By Ryan Hilger
Excerpted from the forthcoming Unexpected Victory: The U.S. Navy in the Sino-American War, 2034-2036 by Fred Goures, to be published by Random House in December 2039.
…Several Chinese admirals agreed to speak on the condition of anonymity on the following question, among others: “What surprised you most about the war?” Their answers were remarkably similar: the Yukon-class corvettes. Named after American rivers, the Navy built and deployed more than 60 Yukons in three years from 2033-2036. One Chinese admiral’s remarks are typical:
Admiral [redacted]: The Yukons caught me and the PLA leadership completely by surprise. When we started the war in October 2034, we thought we would have the American Navy sunk in a few weeks. We knew the submarine threat would take time, but we did not consider their surface forces much of a threat.
Goures: Why was that?
Admiral [redacted]: It was clear from decades of industrial espionage and intelligence collection that the American Navy had not managed to introduce much in the way of new technologies in decades, despite the focus on innovation.
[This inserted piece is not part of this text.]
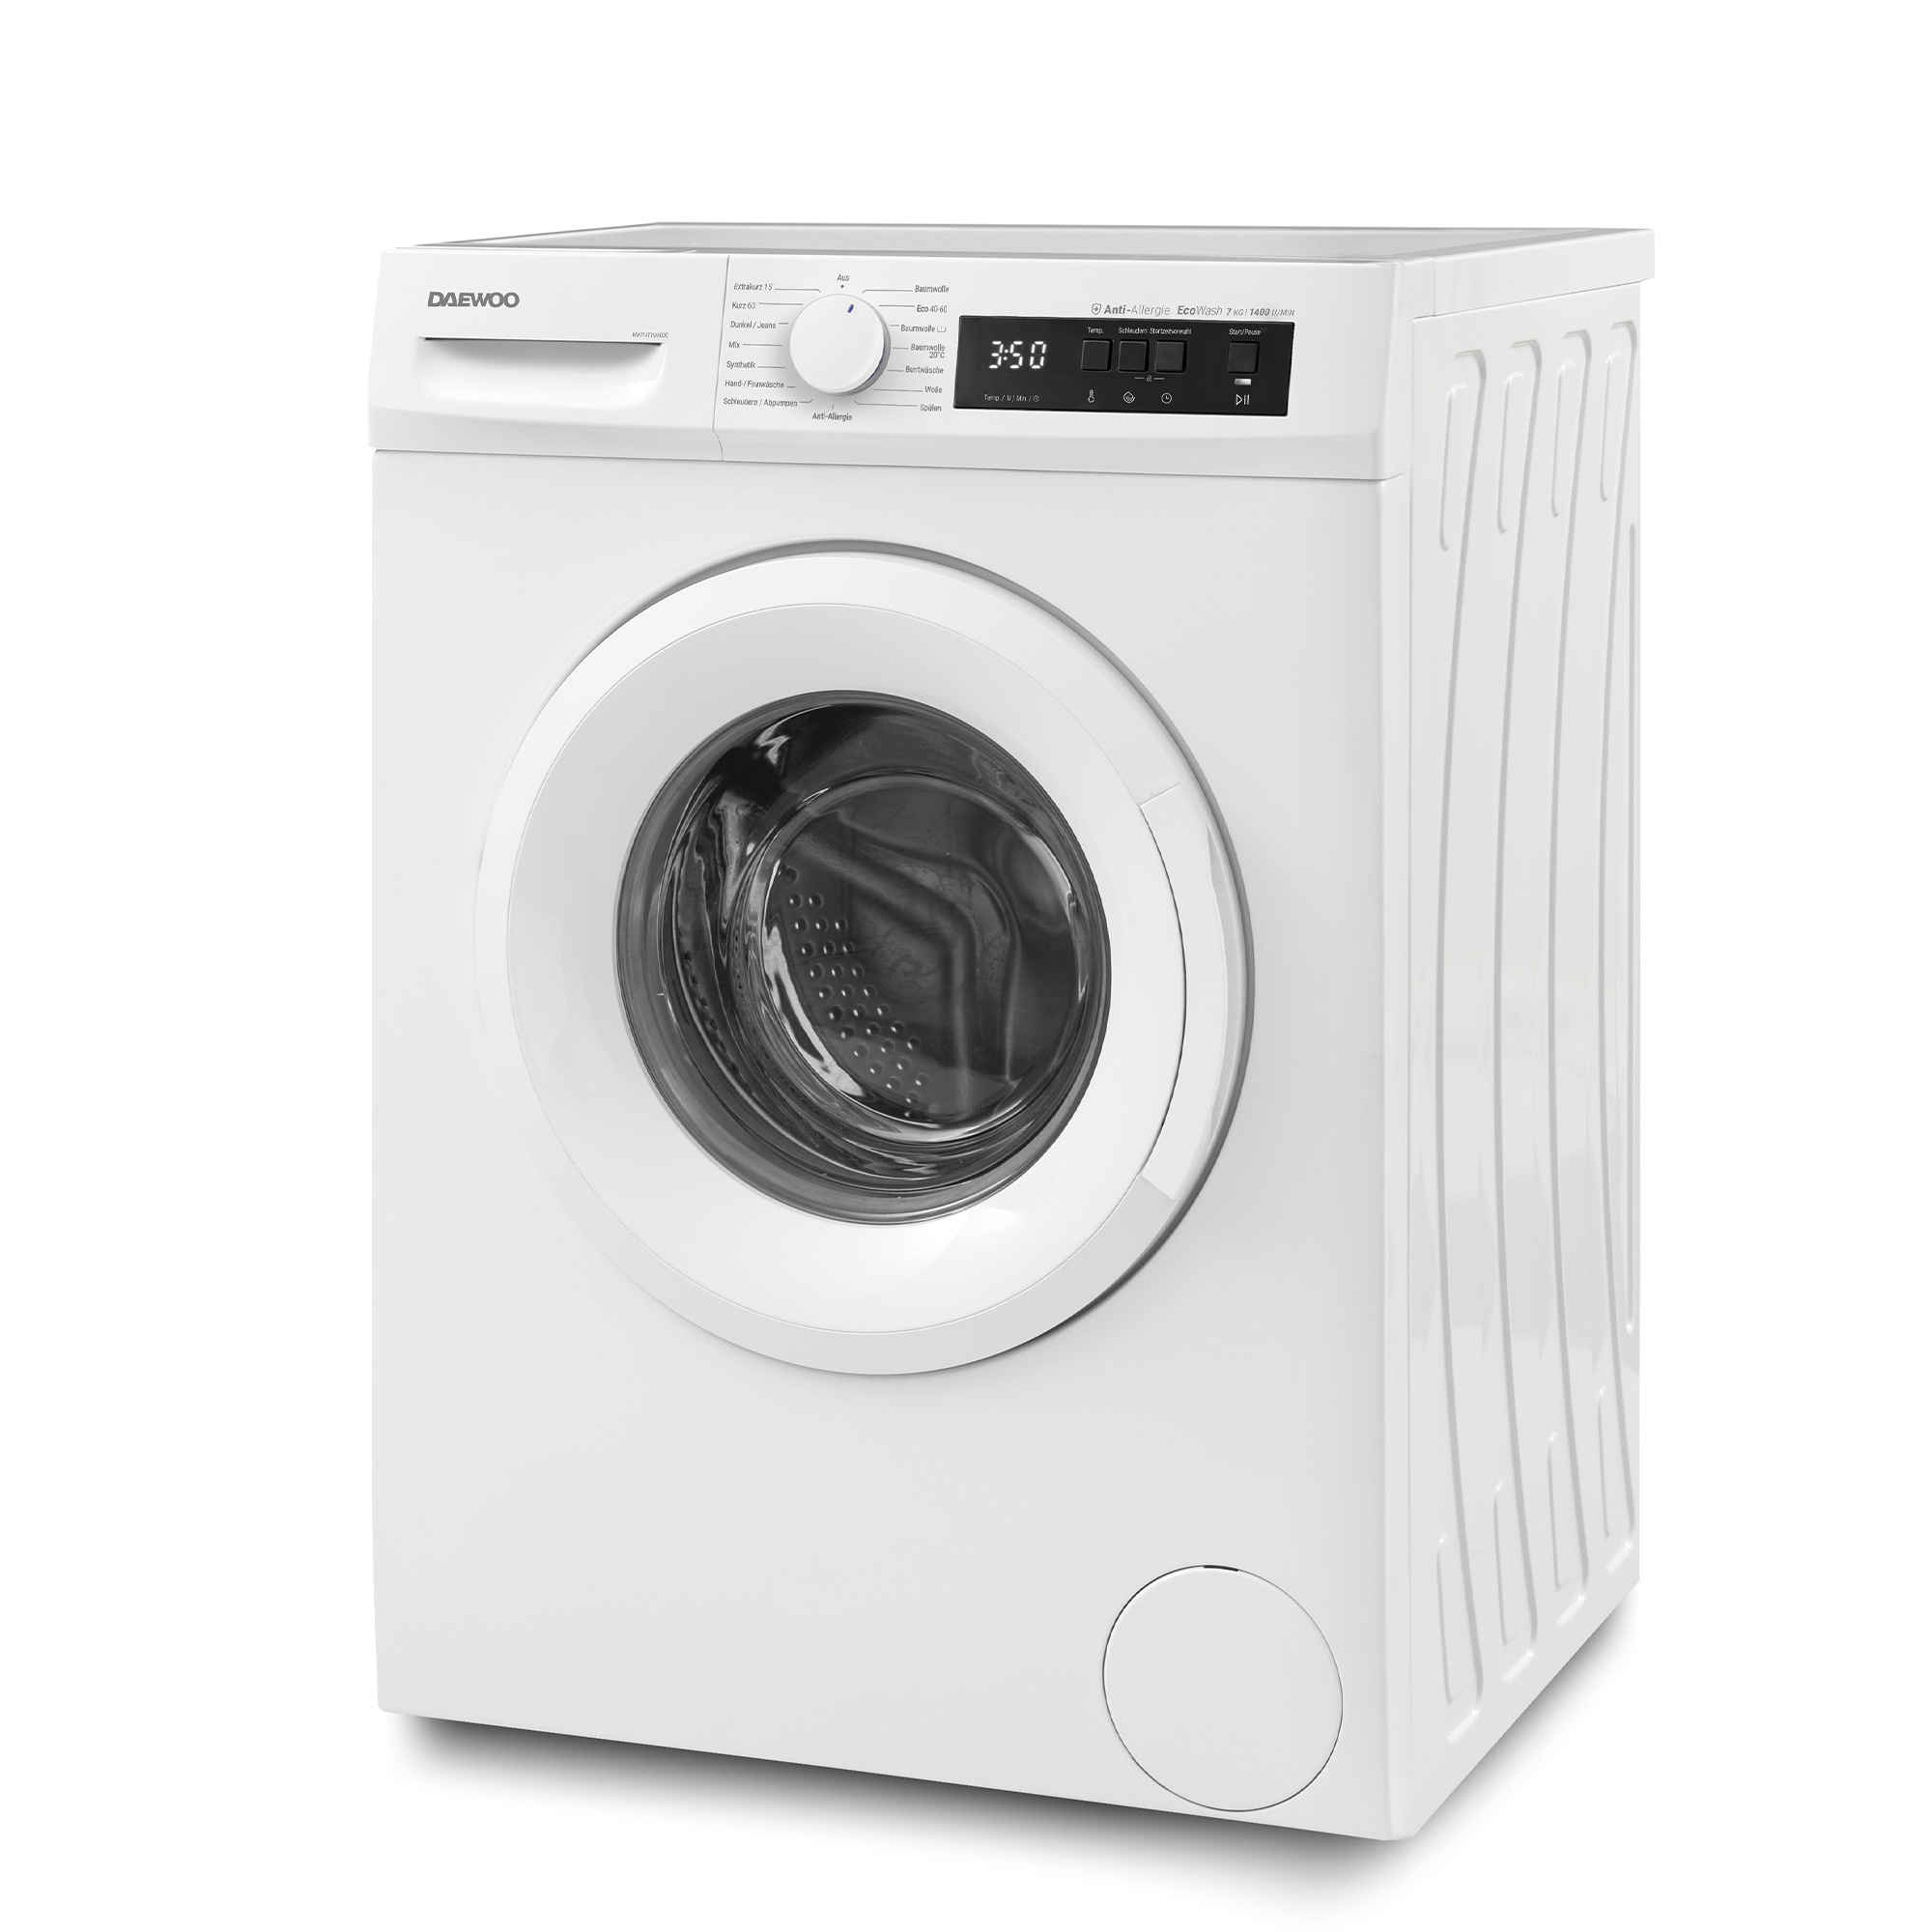 A) (7 WM714T1WA0DE Waschmaschine DAEWOO kg,

Thus, the introduction of the Yukons did not draw much attention from us.
Goures: Why not?
Admiral [redacted]: They were much smaller and seemed simpler than the American mainstay, the Arleigh Burke-class. We did not see how they could have posed much of a threat to us. We were very wrong on this.
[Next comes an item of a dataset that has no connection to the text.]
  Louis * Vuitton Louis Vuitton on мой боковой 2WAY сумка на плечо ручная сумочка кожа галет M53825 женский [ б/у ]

Goures: How so? What made the Yukons different?
Admiral [redacted]: In retrospect, their simplicity was pure elegance. The Americans seemed to be able to upgrade and repair them so rapidly, even while at sea. We never seemed to fight the same ship twice. It may have been the same hull, but each encounter demonstrated new capabilities that we did not anticipate, usually without the ship ever pulling into a port. We could not keep up…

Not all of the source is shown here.